To further test its practical use, DMBBO is applied to robot path planning problems in grid-based environments with different map sizes and obstacle densities. Results from both simple and complex environments show that DMBBO can generate shorter and more stable paths than the comparison algorithms and achieves the best overall performance in most cases. These results indicate that DMBBO remains robust and produces high-quality solutions even in high-dimensional and highly constrained search spaces, which makes it suitable for real-world path planning applications.
Although the DMBBO algorithm demonstrates superior performance in both benchmark function tests and practical applications, several limitations remain. Compared to the original BBO algorithm, the introduction of a dynamic multi-niche structure and hybrid strategies has increased computational complexity to some extent. Furthermore, the algorithm’s performance across different optimization tasks may still be influenced by parameter settings. Consequently, future research will focus on refining its parameter adaptation mechanism and extending DMBBO to more complex large-scale optimization problems and practical engineering applications.

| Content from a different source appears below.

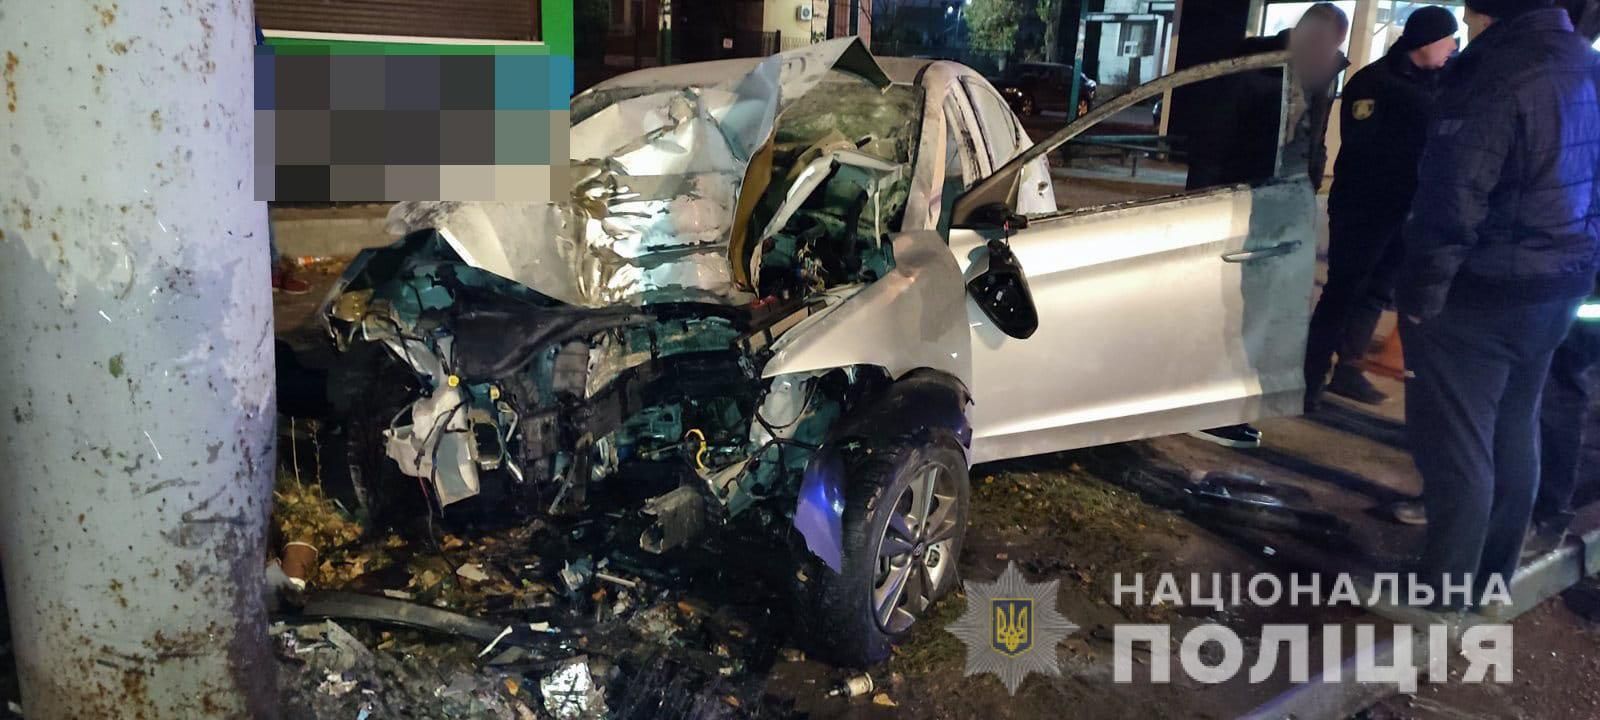 Умер по дороге в больницу: в Харькове водитель не справился с управлением и влетел в столб

Simultaneously, multiple research directions warrant further exploration. On one hand, extending DMBBO to multi-objective or dynamic optimization scenarios could enhance its applicability in complex robotic tasks, such as multi-robot collaborative path planning and energy-aware navigation. On the other hand, integrating learning-based methods or deploying DMBBO within continuous, high-fidelity robotic simulation environments holds significant research value and application potential.